A Window into Life in the Suburbs


"Consider how the lilies grow. They do not labor or spin. Yet I tell you, not even Solomon in all his splendor was dressed like one of these." Luke 12:27 (NIV)

Monday, May 31, 2010

God Talk: Legalism & Responsibility


Unless you've been hiding under a rock with the vacuous Patrick Star or meditating in a Tibetan temple on the complete oeuvre of Mozart's operas, the vast majority of tv watching types would've have heard about "Lost" and (finally!) after six long, convoluted seasons the tv show about castaways has come to an end. There's been plenty of chatter online but I'm not going to join in that conversation because well, I could only muster enough enthusiasm for the show for 2 and a half seasons. The overuse of flashbacks in S2 and the piling of one mystery on top of another convinced me quickly that I was being led down the garden path. In short, I was wasting my time with a poorly conceived show.
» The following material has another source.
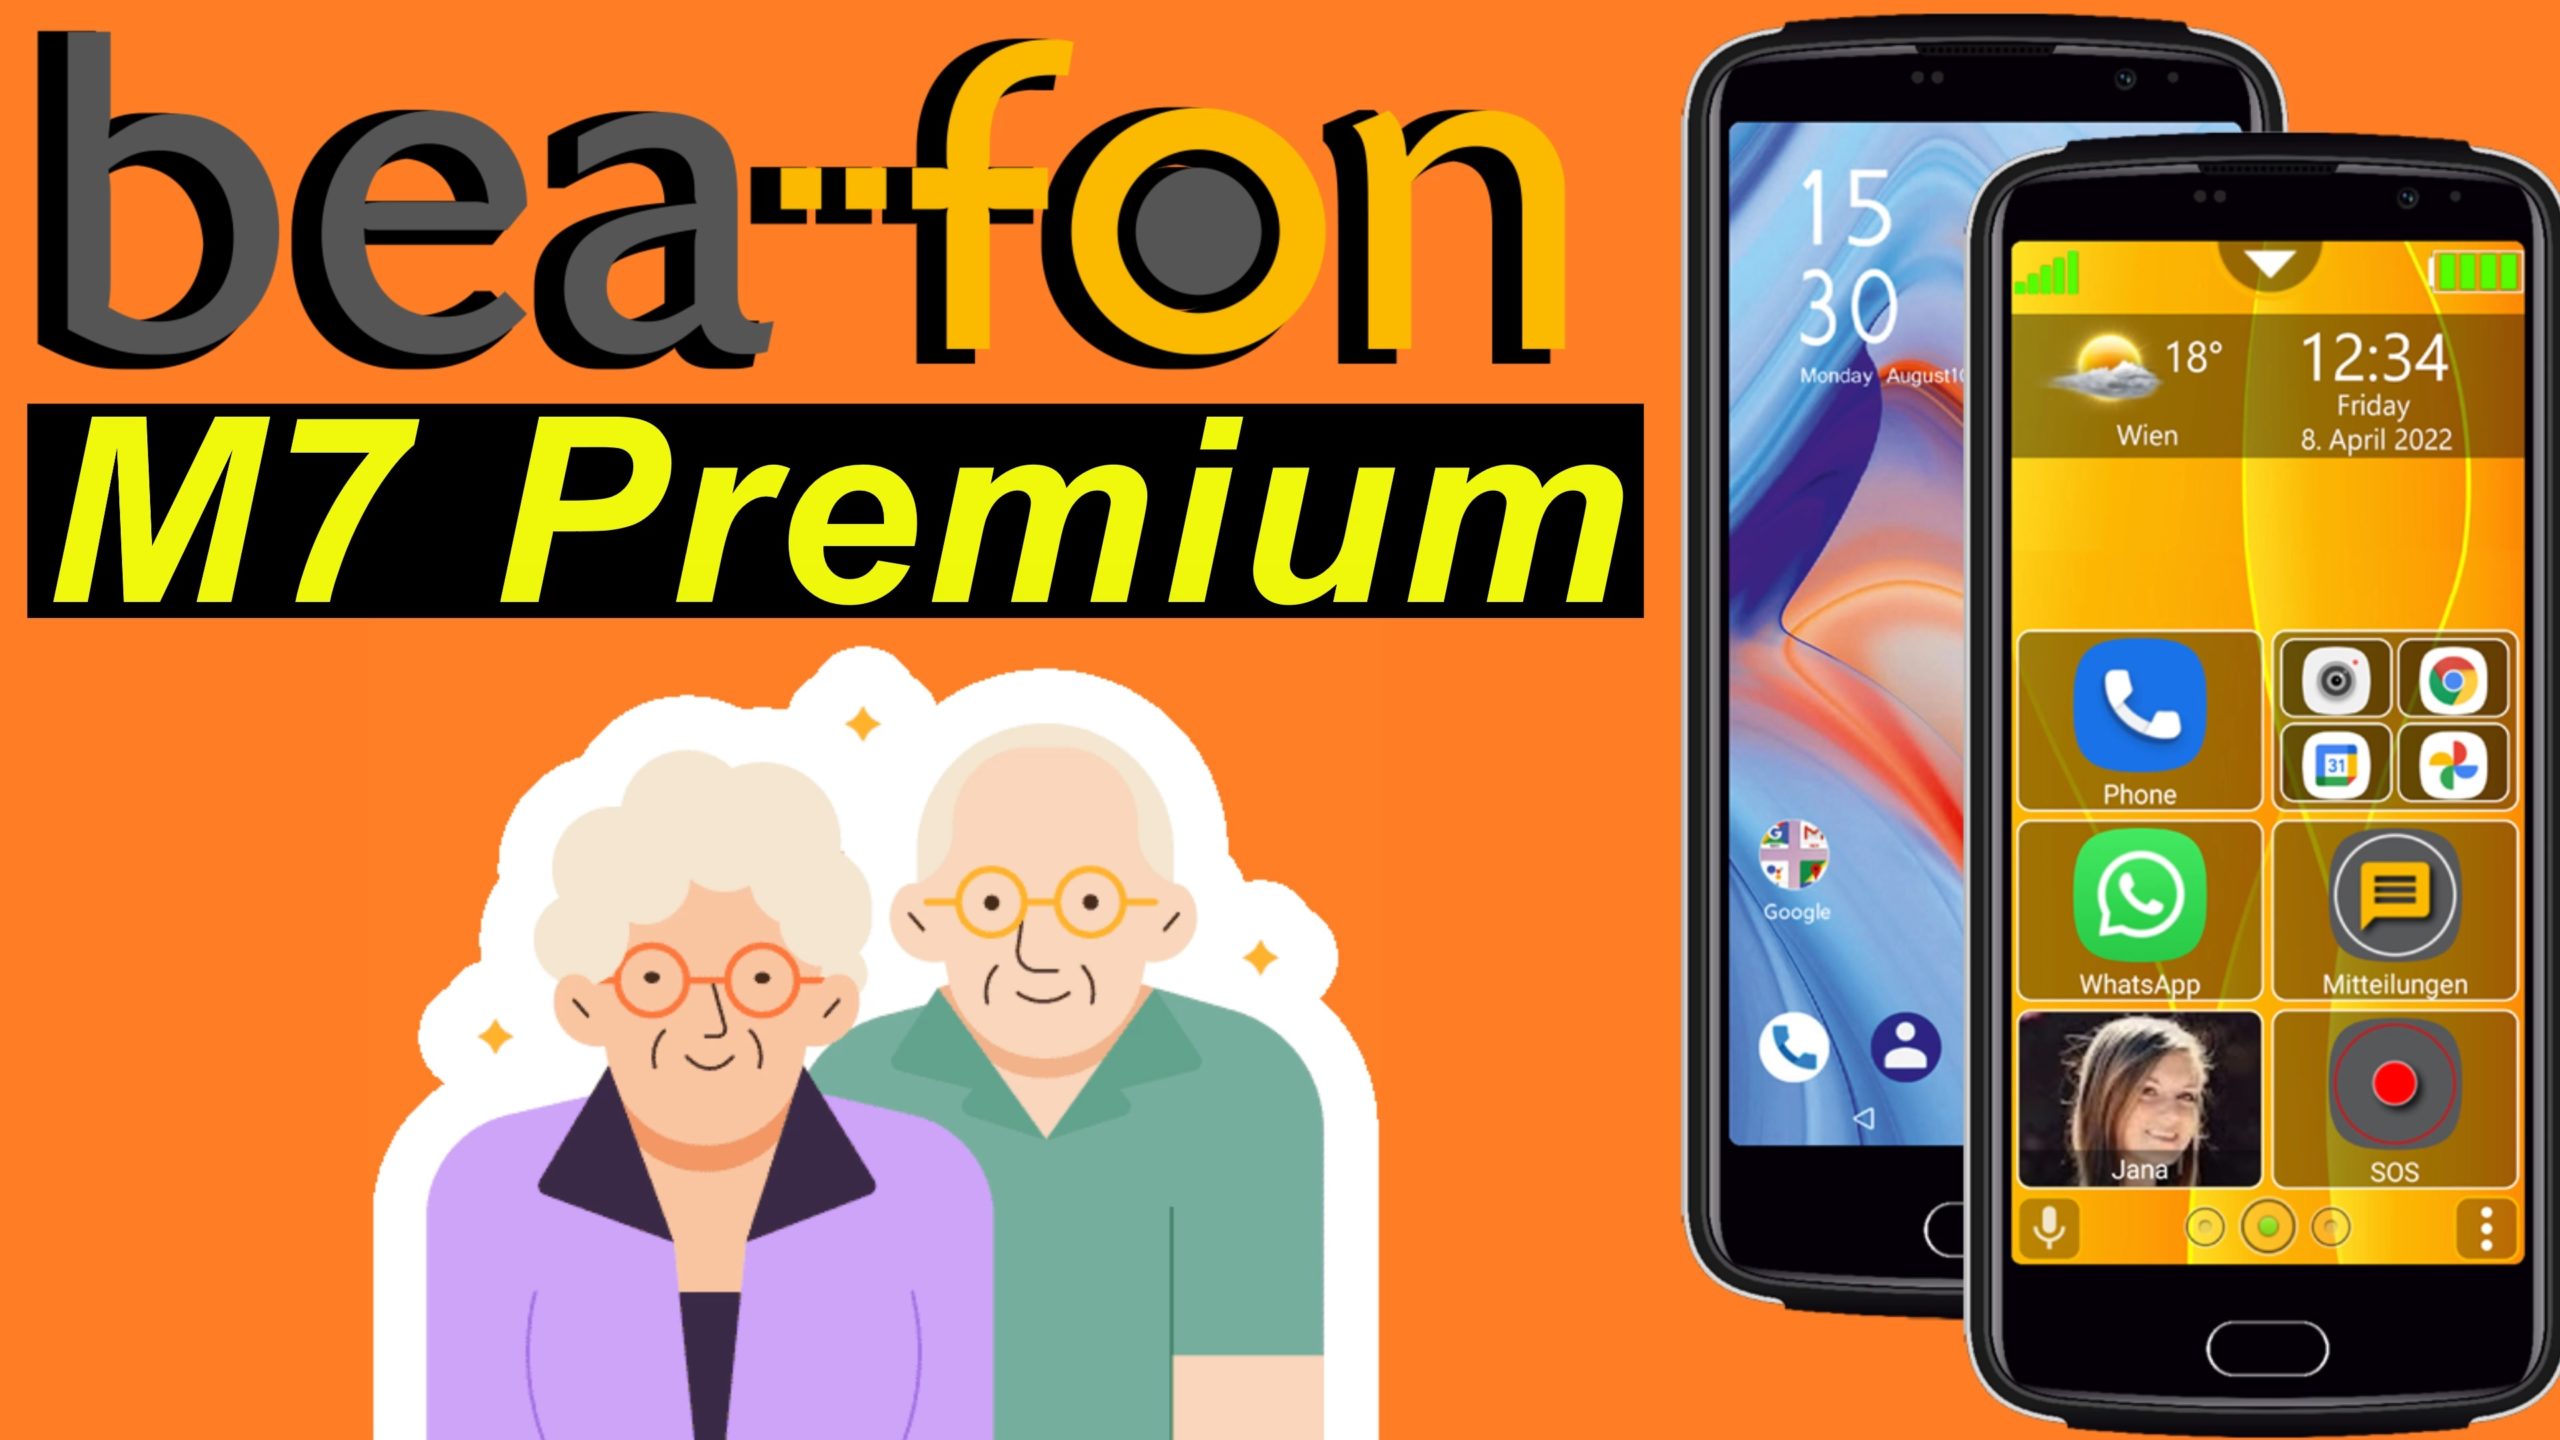 Bea-fon M7 Premium - 7 Gründe für das Senioren Smartphone

I bring up "Lost" because it came up in one of my favourite Christian blogs as a post was written in part about the finale. The blogger expressed mixed feelings about the ending but took comfort in the fact that as believers we can trust in the fulfillment of end of world prophecy and God's Sovereignty in all things.
Seems harmless enough, right?
Apparently not.
Later on in the meta, a dispute quickly broke out about whether Christians should watch an "immoral" show like "Lost" and then write up about it in a serious theological blog. It's odd, isn't it... the rapidity in which stuff like that happens and the vastness of the internet allows people the cloak of anonymity so that they can leap before looking.

Legalism seems to be an affliction of the religious. Not that I'm an advocate of libertinism... far from it.
But aside from own children, I don't feel that it's my place in life to tell other people what they should or shouldn't do with their time or money. Even if I'm really, really tempted to do so. Hence, if I'm asked for my opinion, I may give moral or philosophical reasons why I think "Sex and the City" (for example) isn't worthy of our eye time but I don't really think I have a right to go beyond that. Personally, I find it liberating that I'm not responsible for what other people get up to. I have enough to worry about as it is. Ultimately, each of us are accountable to our Creator for what we do with our lives.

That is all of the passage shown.